Kashmir Family Aid is an Oregon-based nonprofit founded by author and telecommunications executive Sam Carpenter. The group funds secular schools in the Kashmir region in an attempt to combat poverty and, thereby, reduce the number of people from the region entering violent radical groups. TAP spoke with Carpenter about his goals and role in the region.
Daniel Strauss: How will secular education counter terrorism?
Sam Carpenter: What I found was [that] there's three types of schools. There's public schools provided by the government and private schools -- somewhat secular schools that are funded by regular folks over there -- and it's about a 50-50 split. Let me talk about what's taught in those schools: English, math, science, and a reasonable amount of history, and they have textbooks and the whole thing. But there's another kind of school over there, which I'm certain you've heard of, called a Madrassa, and these are religious schools.
The estimates are between fifteen- and twenty-thousand of them in Pakistan alone, and then there's a lot of them in Afghanistan. The long story short is that the kids spend 10 to 12 years -- they go in there at an early age, and they learn the Koran, and that's great, but they don't learn anything else to speak of, a little bit of math, but not much. They come out without a lot of skills. About 15 [percent] to 20 percent I estimate of those schools are what we call militant schools where the kids are taught that, well basically, that the jihad is against the West, and by the time they get out of those schools -- who knows what percentage, but a good number of those students are put right into the jihad ranks and given paid jobs to learn to fight, and so they're paid a very, very high wage, in our money $200 to $300 a month, to carry machine guns and become a jihadist.
Most of the citizenry would much prefer to have the public or private or non-Madrassa-type secular school for their children, but so many times there are no other schools besides the religious Madrassas. These Madrassas are funded by Saudi Arabia cash, and there's a lot of them over there. Greg Mortenson, in his book Three Cups of Tea, talks extensively about this.
D.S.: What is the connection between women's rights and terrorism?
S.C.: Our primary goal is to get these kids a secular education, and then we see what happens when they get it. They're probably going to be teachers and doctors and community people -- organizing people, rather than jihadists, so the primary goal is not to fight terrorism, but that's a very important spinoff.
Most of the women over there pretty much stay at home, do not go out, especially in the rural areas, except to get water, to take care of the fields and so forth, and you talk about women's rights -- this is an amazing place in terms of improving women's rights over the long term. Is it any of our business? I don't know, but I don't think it hurts to teach a child; I just don't see a problem with that, and so whatever comes out of that is probably going to be more a good thing than a bad thing. More education is a better thing. D.S.: What are your goals for the next few years?
S.C.: We're helping about a half a dozen [schools] right now. When you walk in the schools, you see about 200 children with faces and names, and you realize you can do this 200 children at a time, and so instead of looking at the vast challenge over there, we are concentrating on maybe the 1,200 kids that we've been able to directly help, and we're just going to try to expand that number over time.
D.S.: How much opposition is there to your efforts in Kashmir?
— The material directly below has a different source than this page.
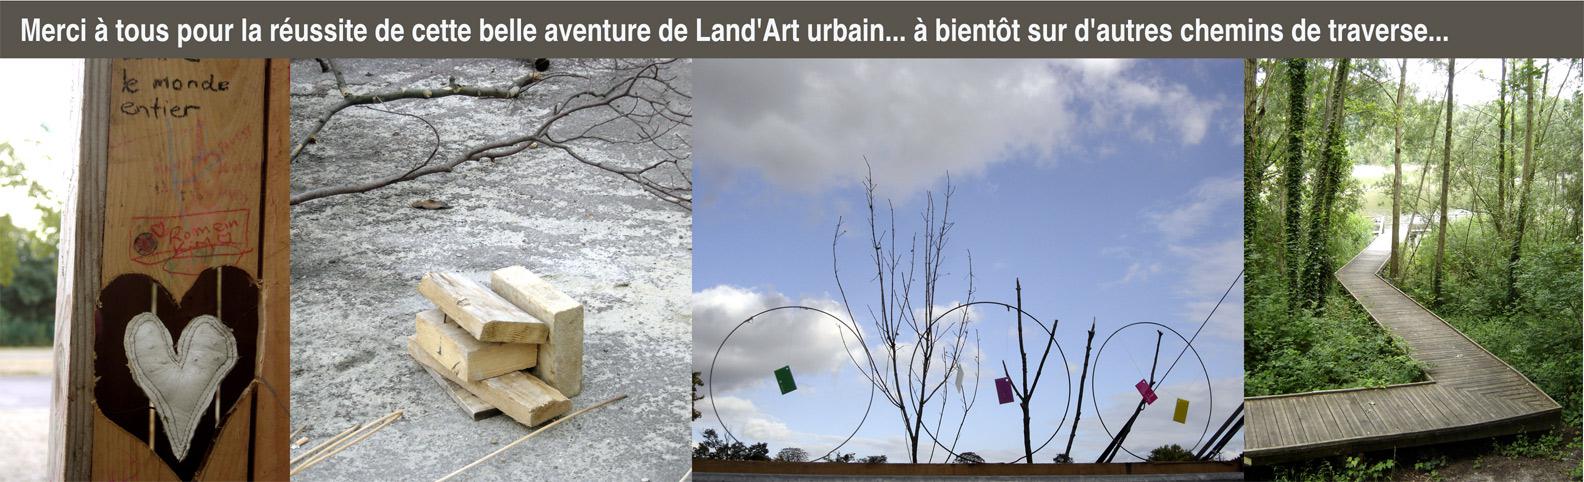 land art urbain à paris initié par Paris Label, paule kingleur, coop 2r2c et artistes associés

It's a pretty dangerous region.
S.C.: Last year I was in Azad Kashmir; we were literally thrown out by the chief of police on a technicality. One of the biggest problems we have over there is the corruption of the local officials, and I have been repeatedly petitioned to give the money to the government and let them hand it out. It's incredibly corrupt; that money would never get to the children, and because I insist on paying the teachers in cash and helping the school administrators in cash, we're not real popular over there with the local government officials.
However, the prime minister of Azad Kashmir, who we talked to for about 45 minutes last time we were there, is very, very enthusiastic about us being there. He's fighting this bottom-line corruption, too, and some of the higher officials I've met with, President Musharraf, are very, very interested in going in there and doing exactly what we're doing and bringing those children up and families up into a more educated state.
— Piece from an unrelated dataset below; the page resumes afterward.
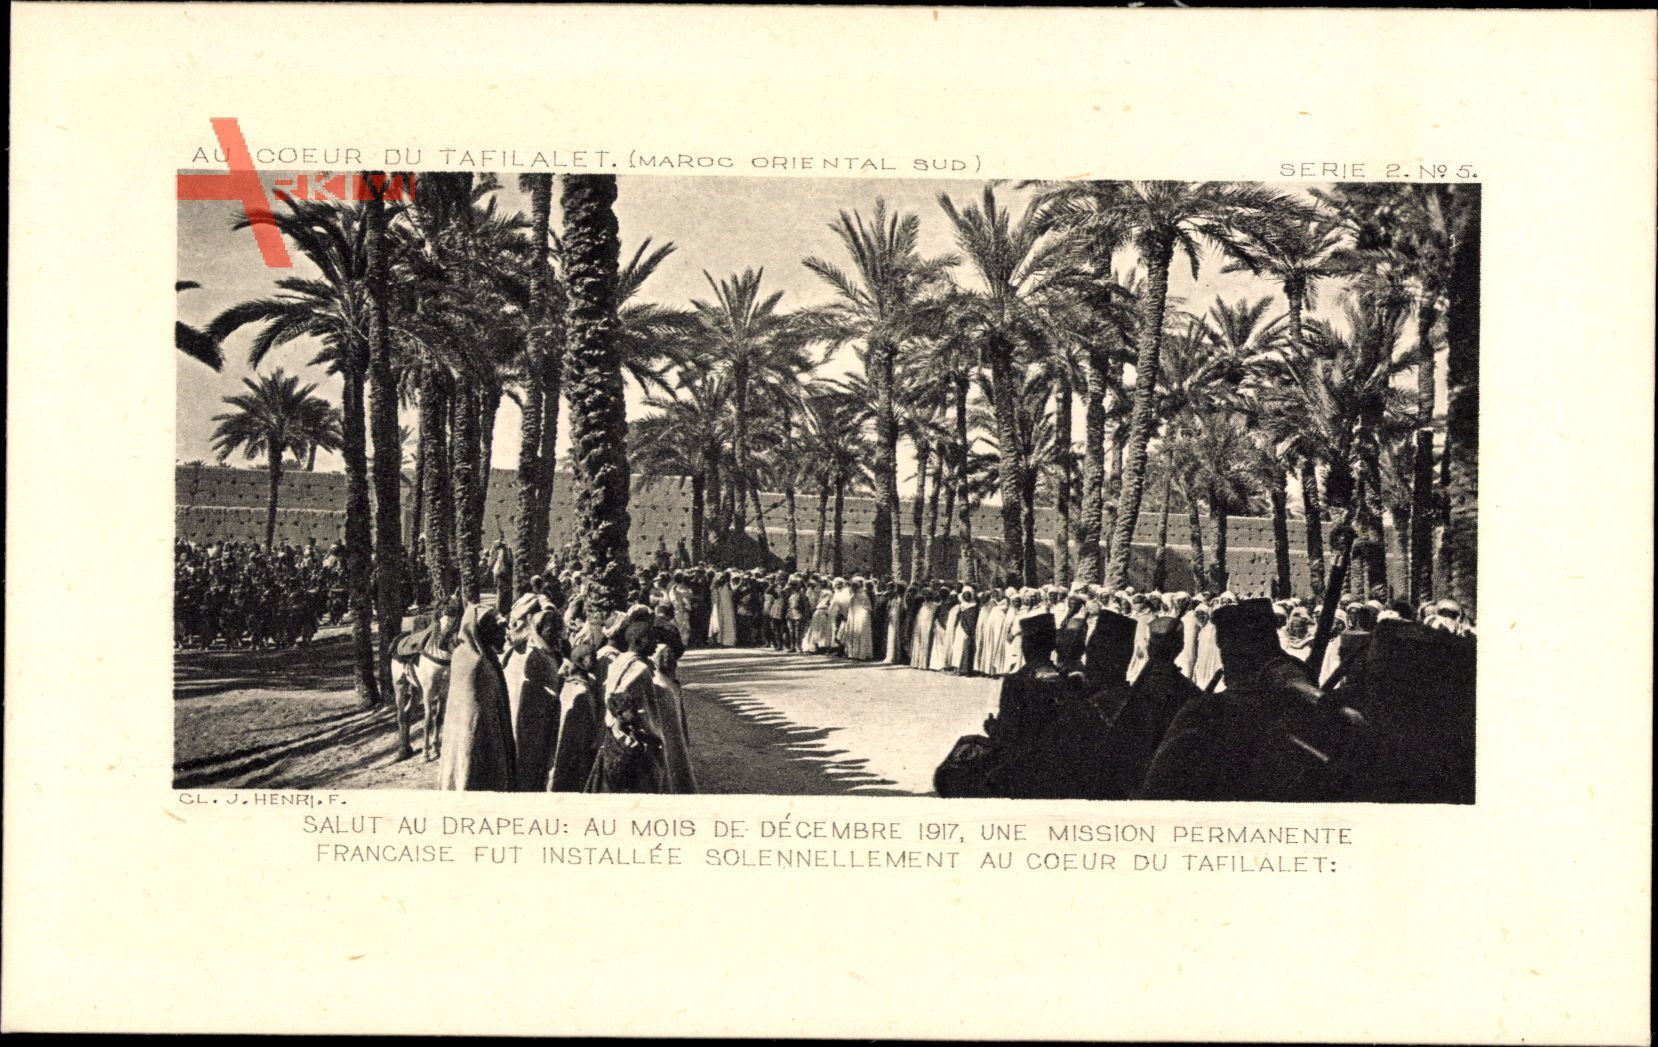 Tafilalet Marokko, Salut au Drapeau, au Mois de Decembre 1917

D.S.: What role do U.S relations with Pakistan have on your work, if any?
S.C.: You know it's an interesting question; it's kind of a love-hate relationship. You talk to the average Pakistani, they don't like America at all, but if you talk to them on a one-on-one level, they like Americans. You get that argument all over the world. "We don't like your government and your policies but we like you people," and I think that's probably pretty true. The government that is in power right now, it's an odd government in the sense that it's less religiously fundamentally driven than it was before, and yet it is in disarray; it's very much in disarray. They can't handle what's happening in their northwest territories. The United States keeps pumping cash into the place because it's an ally. ... There's so much corruption, you don't know which way the government is going, and yet there are these kids that need to learn, and our biggest problem are the adults over there and getting the money to the kids and trying to figure out what's going to happen next.